Возле камер собралась небольшая толпа. Все были в хорошем настроении и весело переговаривались. С хриплым ворчанием Инш всех разогнал. Разве не понятно, что это в высшей степени непрофессионально? Вам что, хочется, чтобы обыватели подумали, будто нападать на людей — это нормально? Смутившись, зеваки в униформе растворились в глубине коридора, и у выкрашенных синей краской дверей остались Инш, Логан и дежурный сержант. Сержант принялся писать на доске рядом с дверью имя задержанного драчуна, Логан нахмурился. Имя показалось знакомым, но он никак не мог вспомнить, где оно ему встречалось.

— Ты не будешь возражать, если мы навестим твоего парня? — спросил Инш, после того как сержант закончил.

— Что? Нет, сэр. Вы что, будете вести расследование?

— Я очень на это надеюсь! — ответил инспектор, широко улыбаясь.

Сержант отпер дверь, они вошли в камеру.

Комната была небольшая и не очень уютная. Коричневый линолеум на полу, стены кремового цвета, вдоль стен деревянные скамьи. Дневной свет проникал внутрь через два маленьких окна с непробиваемыми стеклами под потолком. И ощущался запах потных подмышек.

Обитатель камеры лежал, свернувшись калачиком, на деревянной скамье и тихо стонал.

— Спасибо, сержант, — сказал Инш. — Мы с ним немного побеседуем.

— О'кей. — Сержант попятился из камеры, мигнул Логану. — Дайте мне знать, если этот Мухаммед Али будет доставлять вам неприятности.

Дверь камеры захлопнулась с тяжелым стуком, Инш опустился на скамью рядом со скрючившейся фигурой.

— Мистер Стрикен? Или вас можно называть Мартин?

Фигура задвигалась.

— Мартин? Вы знаете, почему вы здесь? — Голос Инша был мягким и дружелюбным, совсем не похожим на его обычный тон, каким Инш разговаривал с другими подследственными.

Мартин Стрикен медленно поднялся и сел на скамье, спустив ноги. Носки оставили на линолеуме влажные следы. У него отняли шнурки, брючный ремень, все, что могло быть опасным. Он был громадный — не жирный, просто очень крупный: большие руки, ноги, ладони, челюсть… Логан замер, взглянув на покрытое оспинами лицо. Теперь он вспомнил, почему ему было знакомо имя Мартин Стрикен: это был тот самый дрочила из женской раздевалки, которого констебль Ватсон сопровождала на судебные заседания и которого он подвозил до тюрьмы Крейгинчиз. Стрикен также давал показания по делу Джеральда Кливера.
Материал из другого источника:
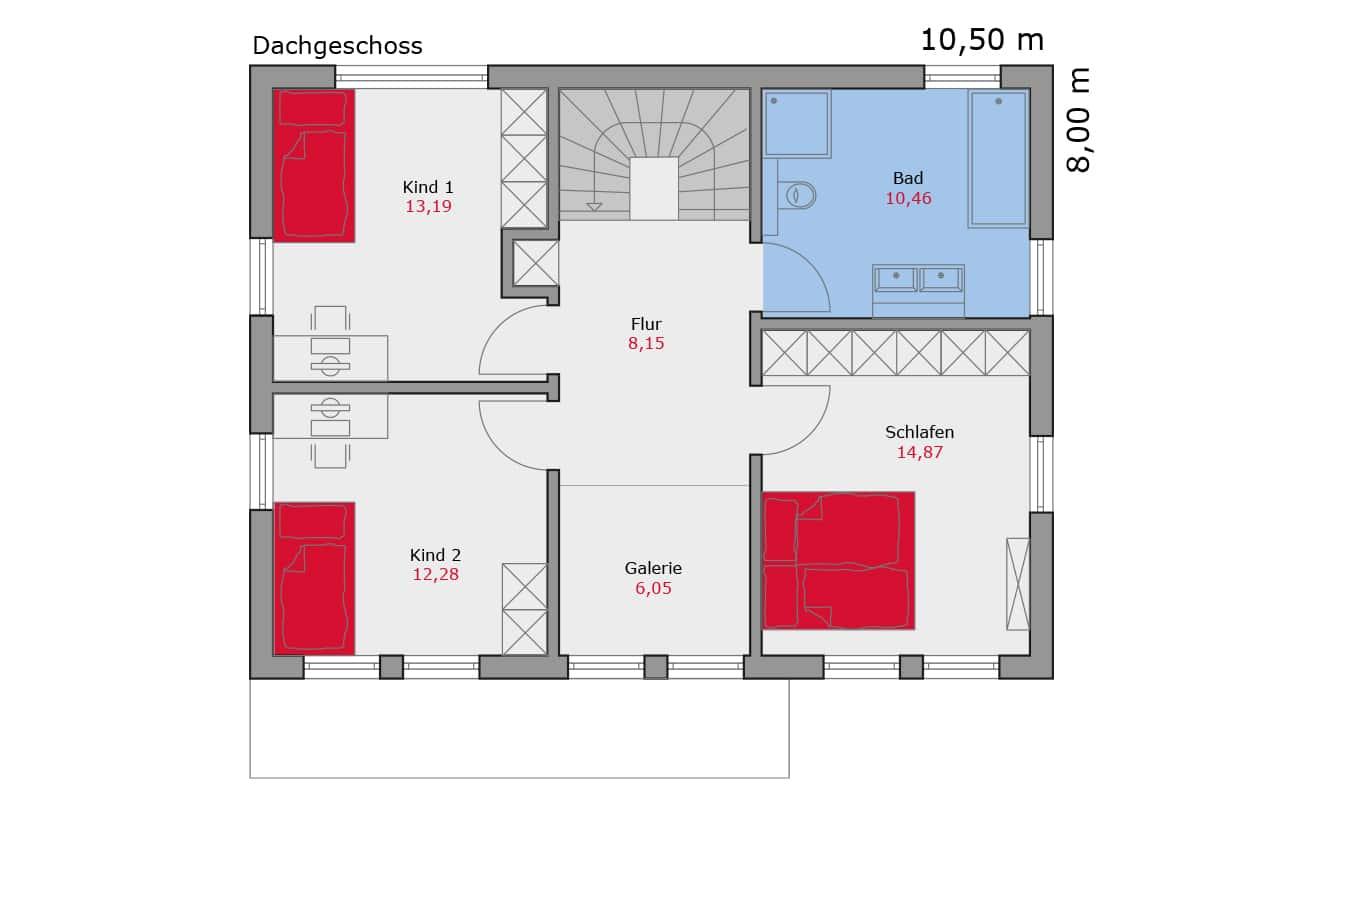 Haus113_Grundriss_Dachgeschoss_Walmdach_Einfamilienhaus_Talbauhaus

Совсем не удивительно, что он долбанул в нос Скользкого Сэнди.

— Они его отпустили, — не то проговорил, не то прошептал Стрикен.

— Знаю, что отпустили, Мартин, — сказал Инш. — Знаю. Они не должны были этого делать, но сделали.

— Они его выпустили из-за него.

Инш кивнул:

— И поэтому ты ударил мистера Моир-Факерсона?

Еле слышное бормотание.

— Мартин, я напишу небольшое заявление, и тебе нужно будет его подписать. Хорошо?

— Они дали ему уйти.

Очень аккуратно Инш расспросил Мартина Стрикена обо всех событиях дня, с особым удовольствием выслушивая ответы, касающиеся нападения. Приказал Логану записать все на тарабарском полицейском языке. Конечно же, это было признание вины, но Инш приложил громадные усилия, чтобы дело выглядело так, будто во всем виноват был сам Змеюка Сэнди. А все так и было. Мартин расписался, и Инш его отпустил.

— Тебе есть куда идти? — спросил Логан, провожая парня к выходу.

— Я живу с матерью, — ответил Мартин Стрикен. — В суде сказали, что это обязательно, пока хожу на общественные работы. — Его плечи опустились еще ниже.

Инш похлопал его по спине:

— Там еще дождь идет. Хочешь, скажу патрульным, чтобы подбросили тебя до дома?

Мартин Стрикен вздрогнул:

— Она сказала, что убьет меня, если еще раз увидит рядом с домом полицейскую машину.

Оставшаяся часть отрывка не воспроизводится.